* AVAILABLE DATA
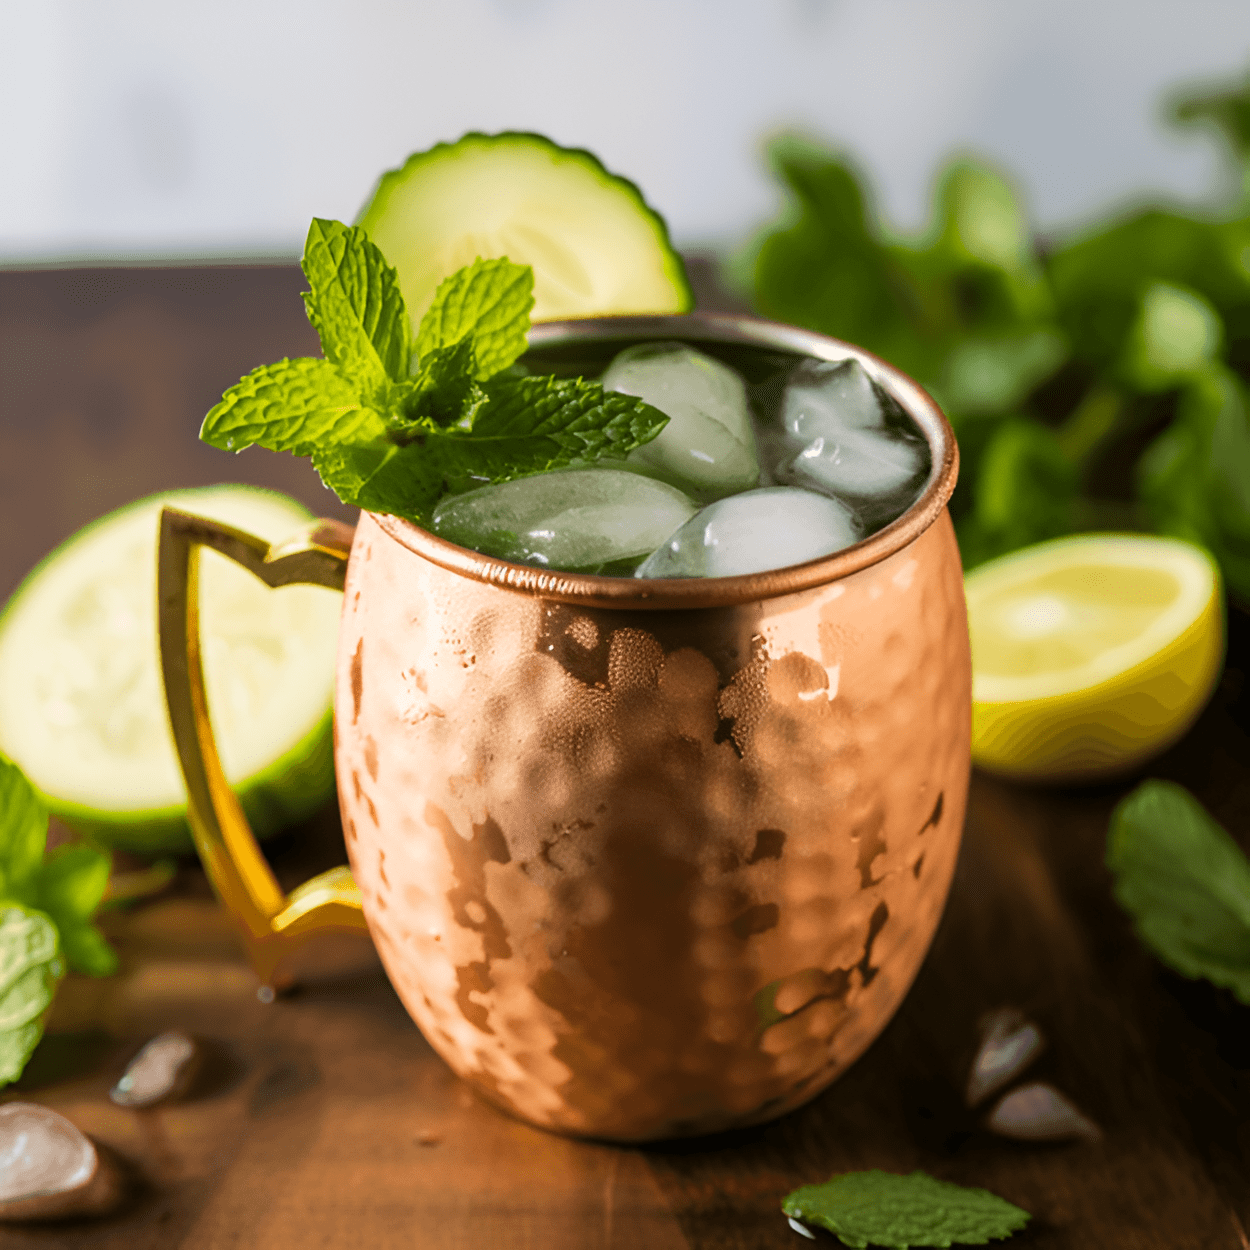 Cucumber Mint Mule Cocktail Recipe - The Cucumber Mint Mule is a refreshing, crisp, and slightly spicy cocktail. The cucumber provides a cool, earthy flavor, while the mint adds a touch of sweetness and freshness. The ginger beer brings a spicy kick, and the lime juice balances everything out with a bit of tartness.
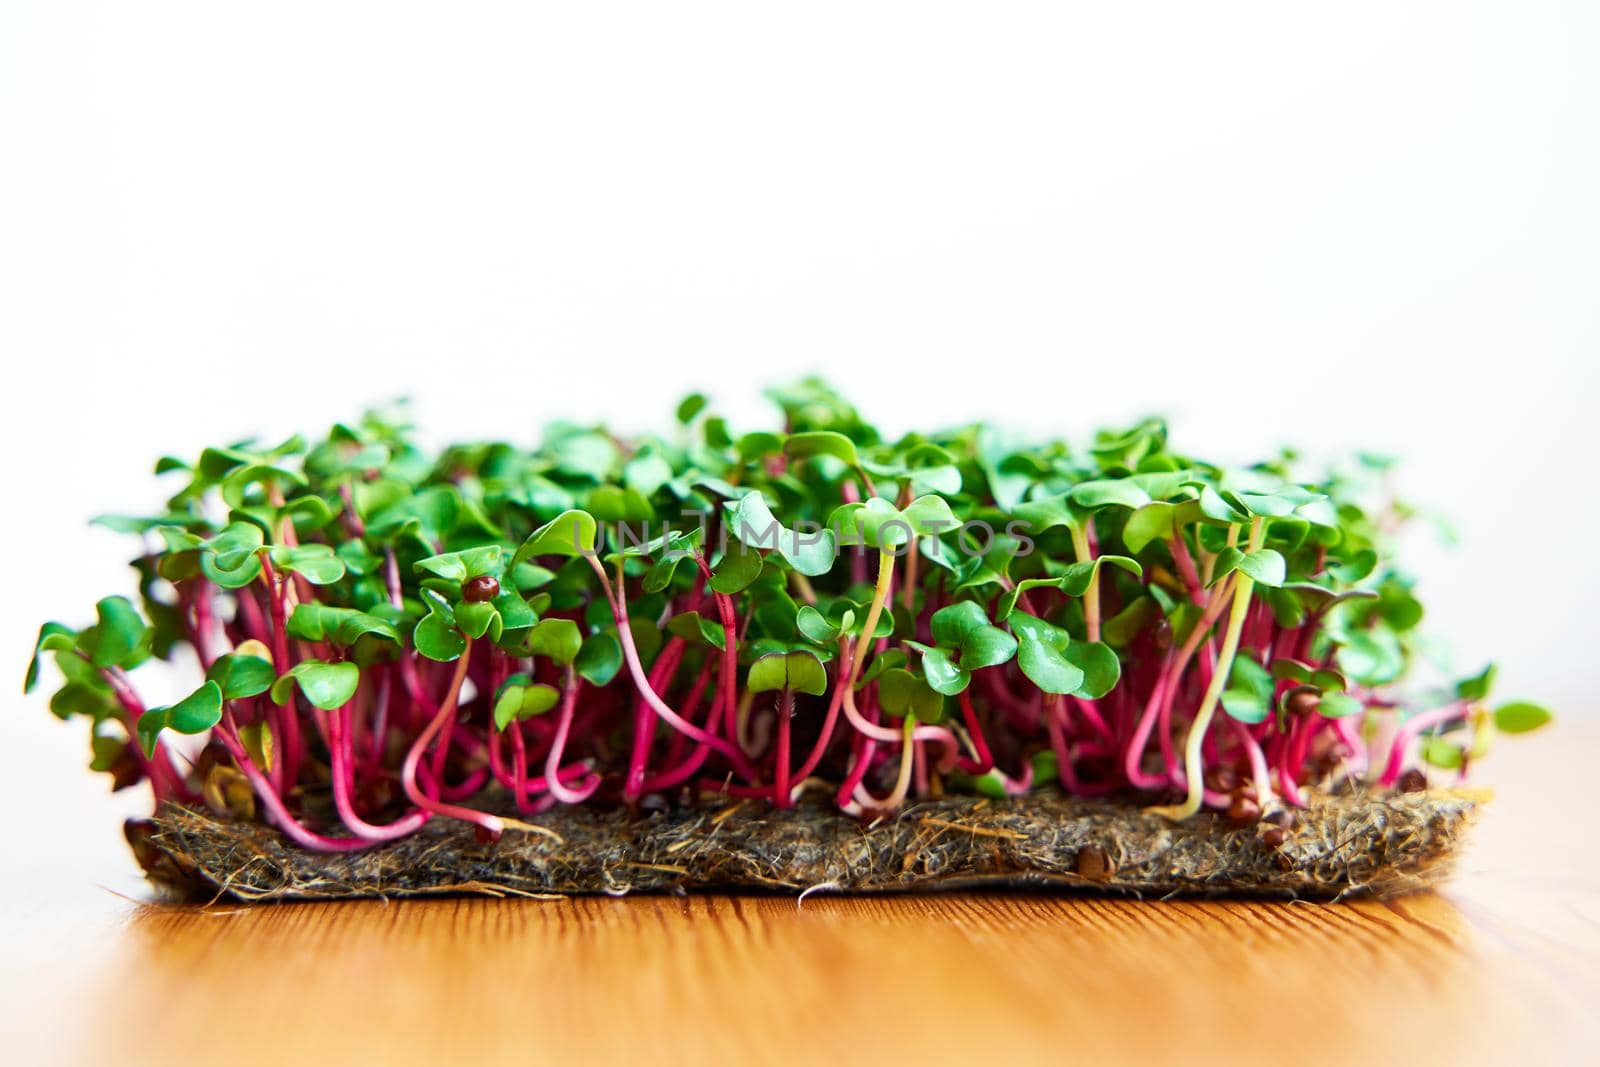 Microgreen radish planted without box on wooden background.
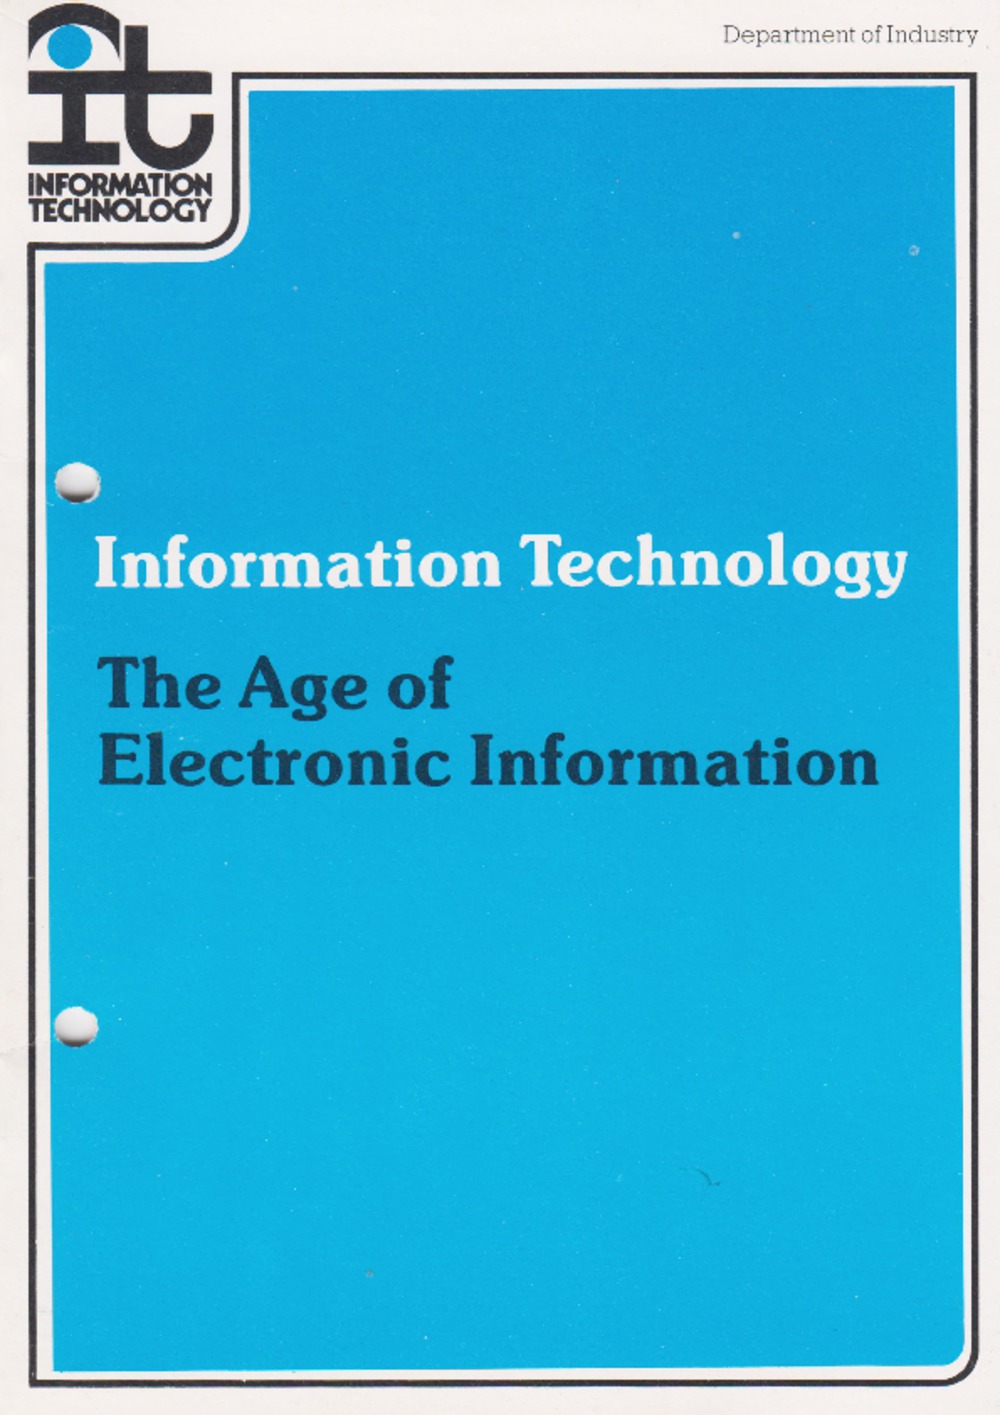 Article: Information Technology - The Age of Electronic Information

* TASK GOAL
Repeat the material above in full and exactly, omitting the pictures.

* TASK RESPONSE
 Cucumber Mint Mule Cocktail Recipe - The Cucumber Mint Mule is a refreshing, crisp, and slightly spicy cocktail. The cucumber provides a cool, earthy flavor, while the mint adds a touch of sweetness and freshness. The ginger beer brings a spicy kick, and the lime juice balances everything out with a bit of tartness.
 Microgreen radish planted without box on wooden background.
 Article: Information Technology - The Age of Electronic Information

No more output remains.